ZURICH (Reuters) - A panel of experts set up to advise the Swiss government on tax will recommend adopting an exchange of bank client data with the European Union, Swiss radio SRF reported on Thursday, citing a confidential report from the group.
The 13-member panel led by former top government economist Aymo Brunetti was established by the government in December to define Switzerland's strategy in tax disputes with other countries.
In a report, due to be examined by the government on Friday, the commission recommends that Switzerland should offer an automatic exchange of information on EU citizens suspected of hiding untaxed money in Swiss bank accounts to all EU countries, SRF said in an audio broadcast available on its website.

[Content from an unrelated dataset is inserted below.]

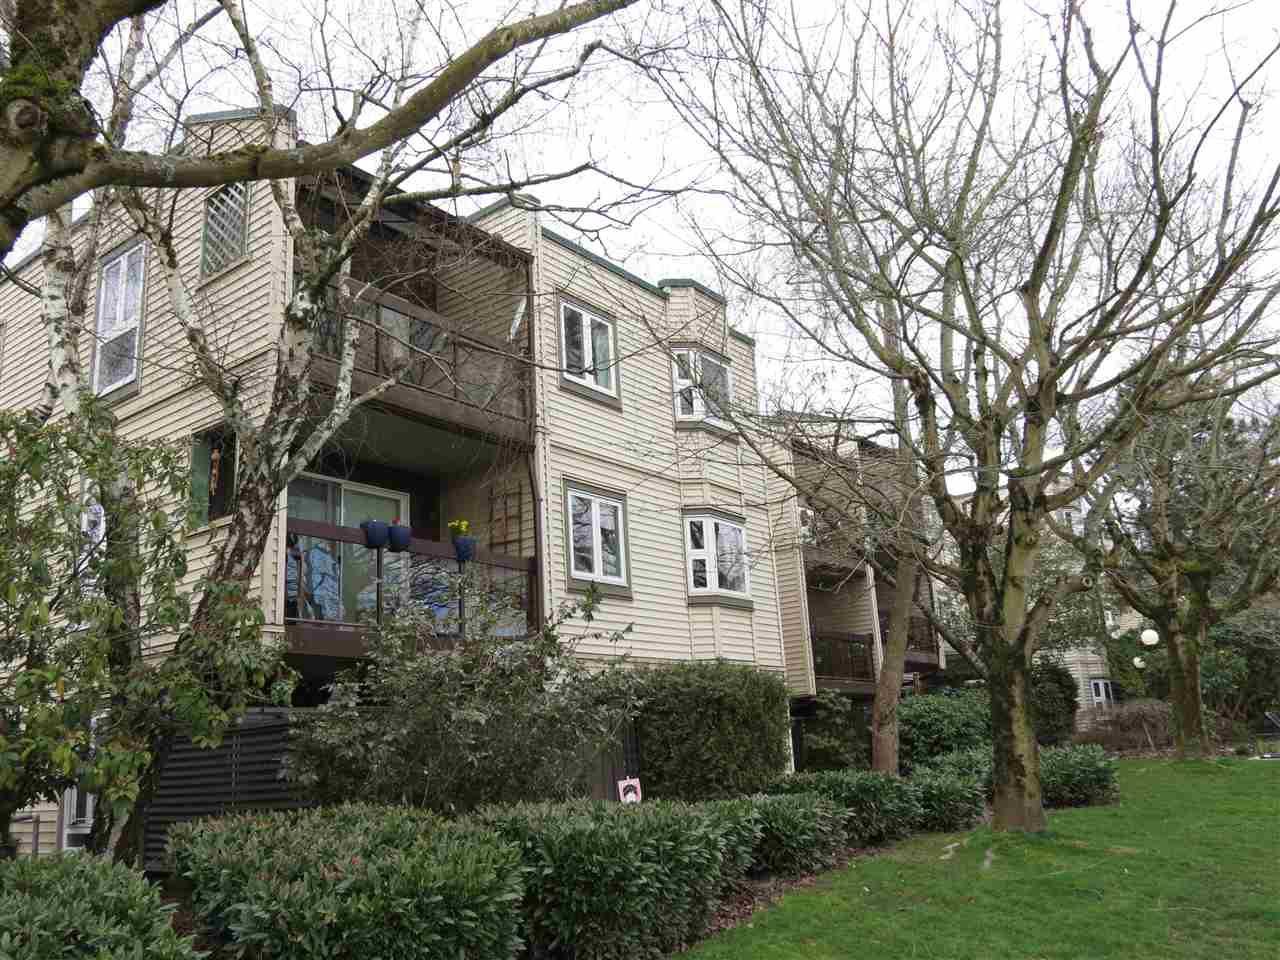 """Main Photo: 304 1429 E 4TH Avenue in Vancouver: Grandview VE Condo for sale in """"Sandcastle Villa"""" (Vancouver East)  : MLS®# R2149999"""

The commission said Switzerland would in exchange obtain better access to European markets for its banks, threatened by an upcoming overhaul of EU markets rules, SRF said, citing two unnamed sources.
The Swiss finance ministry declined to comment.
Switzerland, the world's biggest home for offshore assets, has come under pressure to share more information with governments in the United States and Europe which are hunting tax dodgers.
Though cracks have emerged in Switzerland's outright rejection of sharing data on foreign depositors, the issue remains deeply divisive among Swiss politicians and it could take years to forge a consensus.
The EU official in charge of tax policy, Algirdas Semeta, will meet Swiss Finance Minister Eveline Widmer-Schlumpf in Bern on Monday to discuss swapping information.
A tax dispute with the United States is also at a crucial stage, with the Swiss parliament examining a law designed to end Swiss banks' legal troubles with U.S. authorities.